» Task description
Extract the text of every entry below exactly; leave images out.

» Data listing
━━━━━━

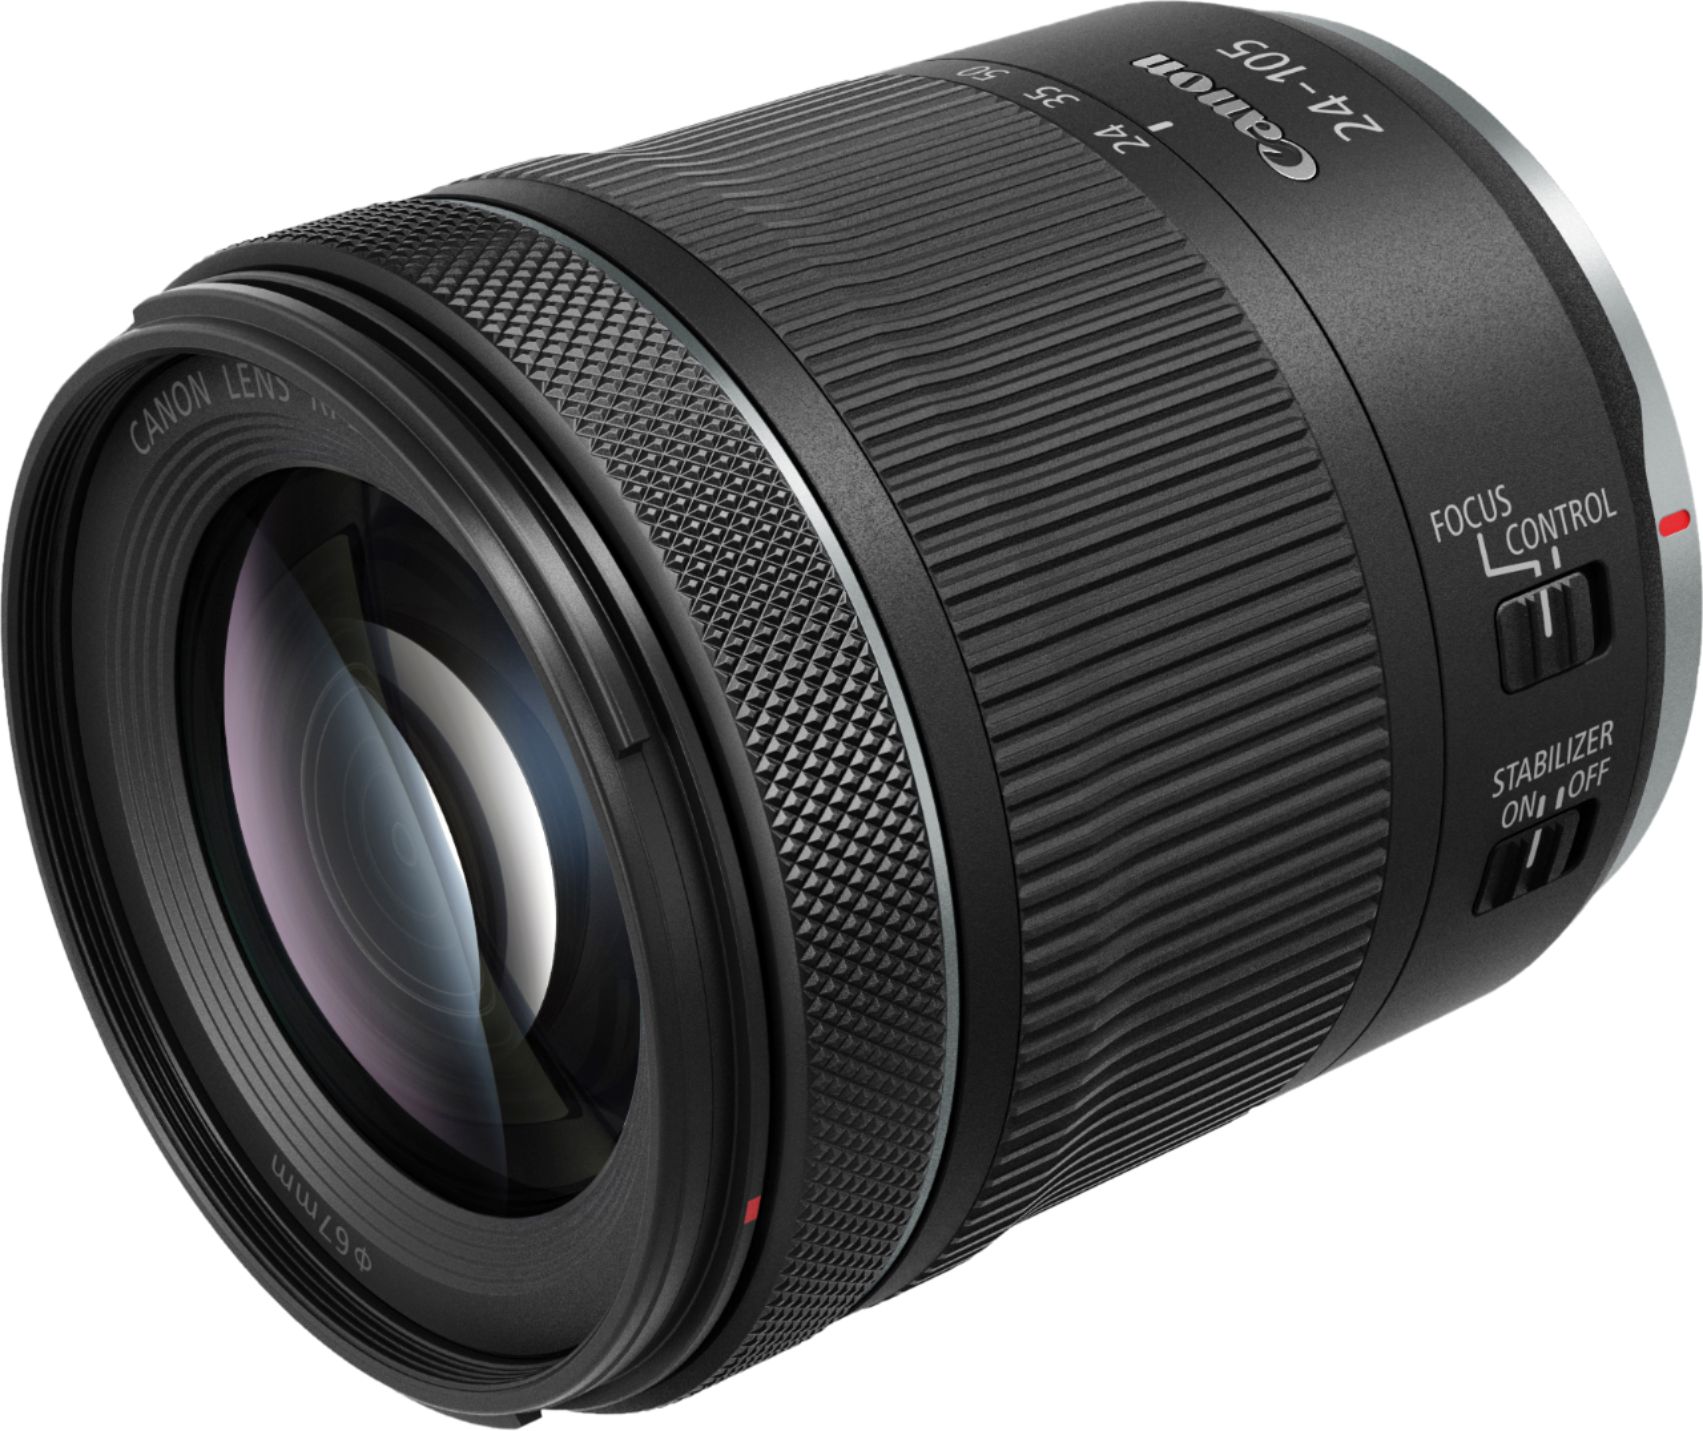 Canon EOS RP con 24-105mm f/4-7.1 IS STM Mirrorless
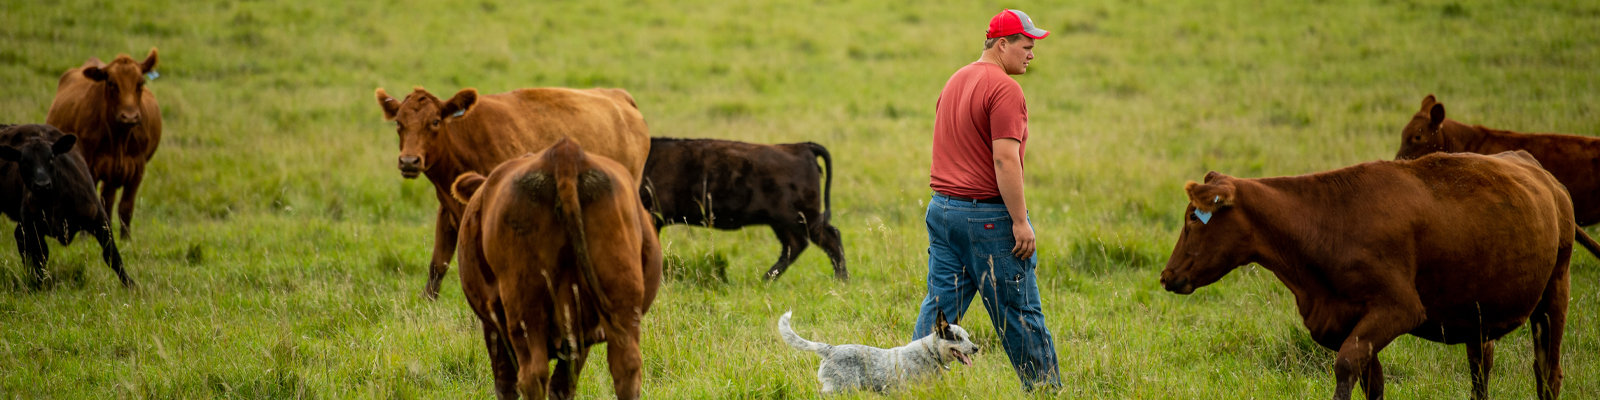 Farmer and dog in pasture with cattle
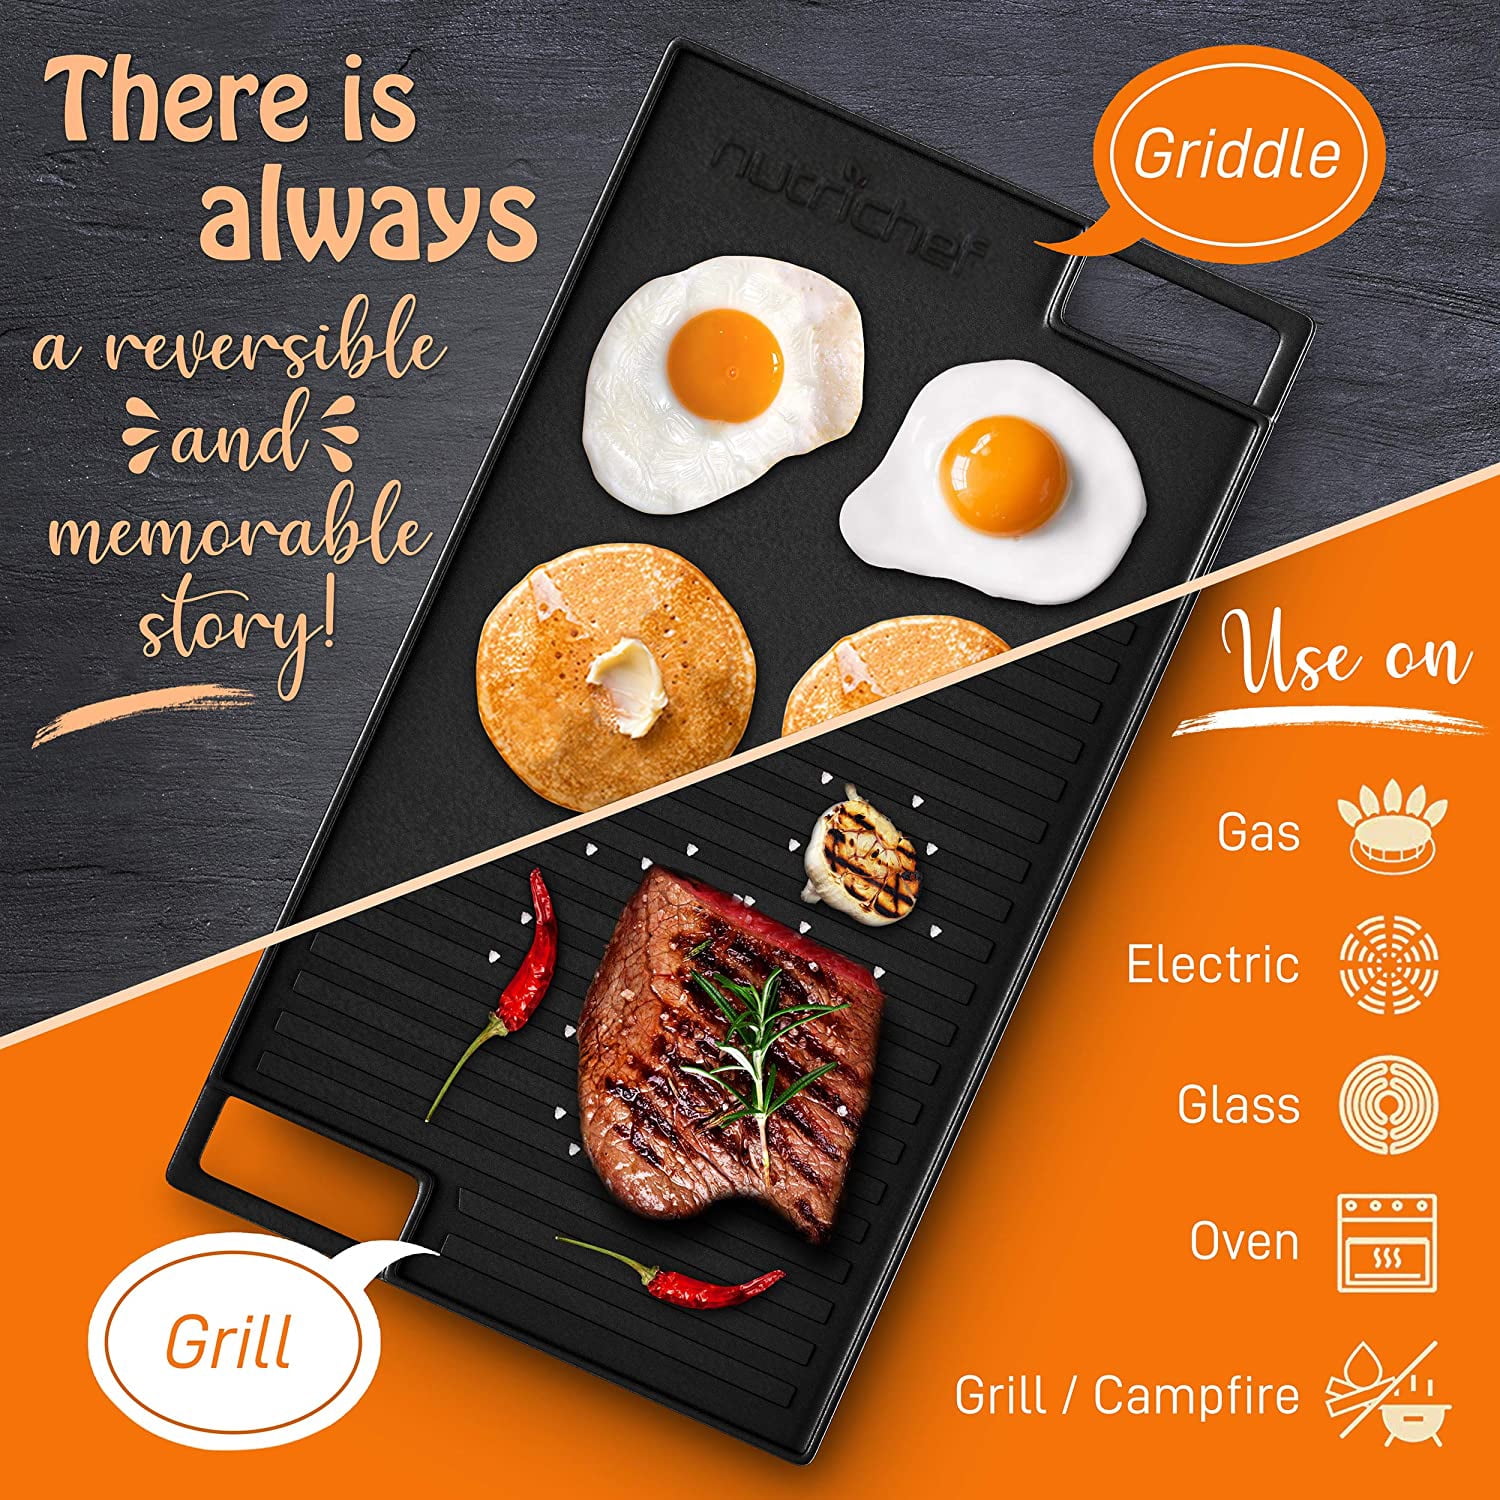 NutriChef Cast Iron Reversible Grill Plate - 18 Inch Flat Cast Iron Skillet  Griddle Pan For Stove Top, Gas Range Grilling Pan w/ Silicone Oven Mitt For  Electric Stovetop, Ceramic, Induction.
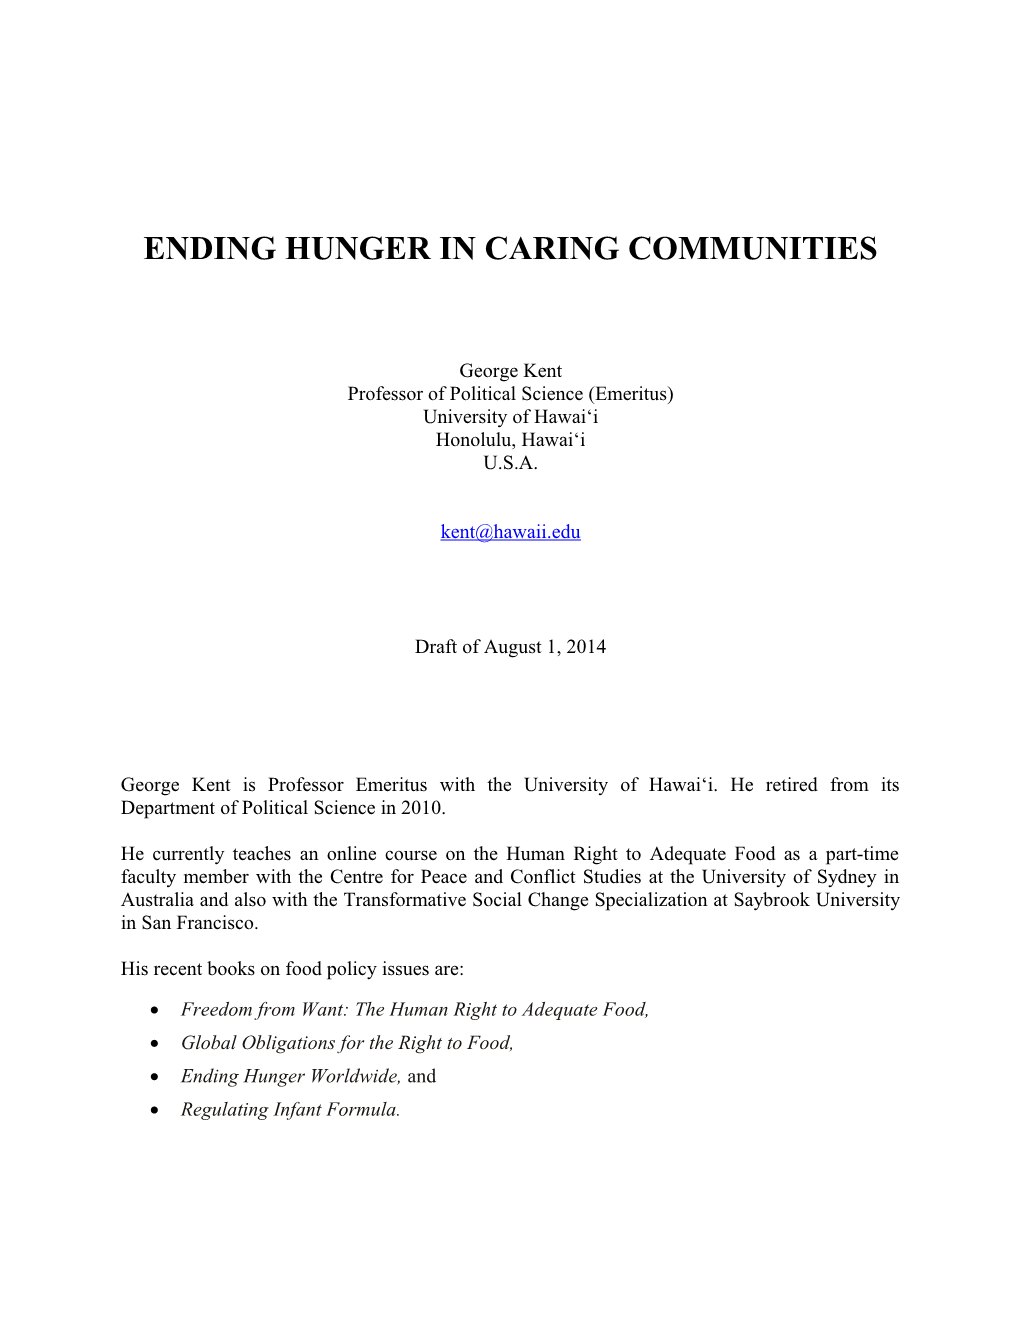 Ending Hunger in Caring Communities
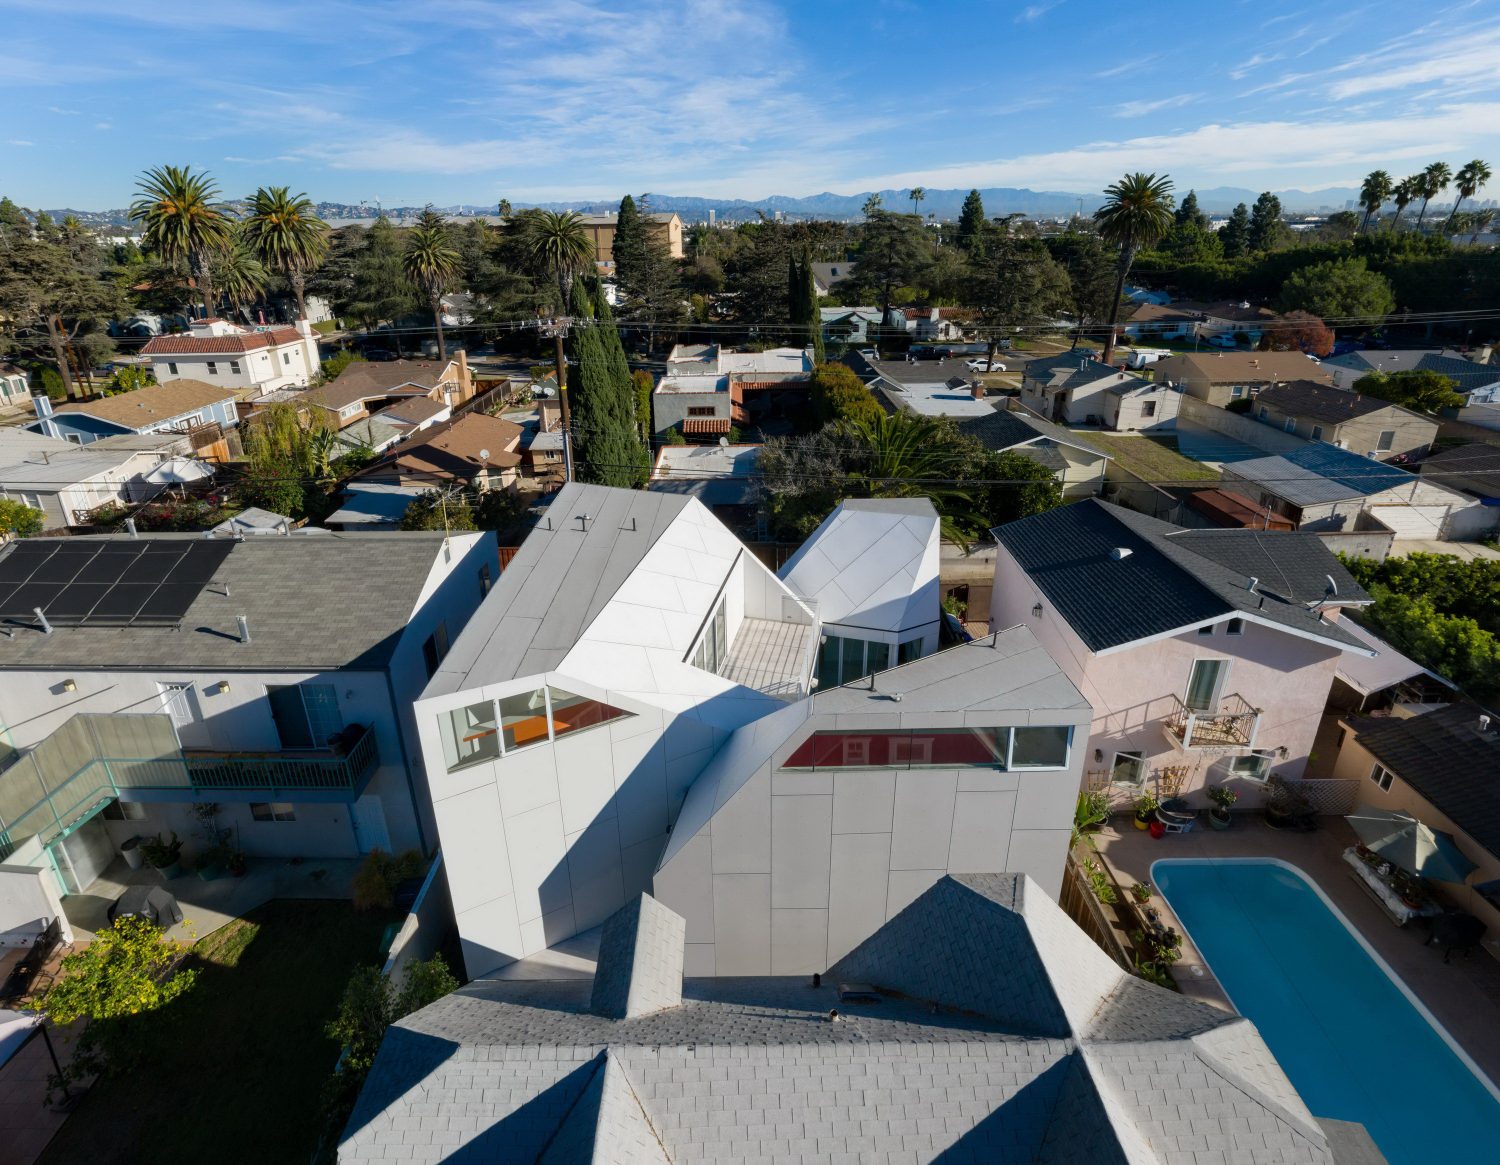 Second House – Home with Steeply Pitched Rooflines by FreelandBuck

━━━━━━

» Response below
 Canon EOS RP con 24-105mm f/4-7.1 IS STM Mirrorless
 Farmer and dog in pasture with cattle
 NutriChef Cast Iron Reversible Grill Plate - 18 Inch Flat Cast Iron Skillet  Griddle Pan For Stove Top, Gas Range Grilling Pan w/ Silicone Oven Mitt For  Electric Stovetop, Ceramic, Induction.
 Ending Hunger in Caring Communities
 Second House – Home with Steeply Pitched Rooflines by FreelandBuck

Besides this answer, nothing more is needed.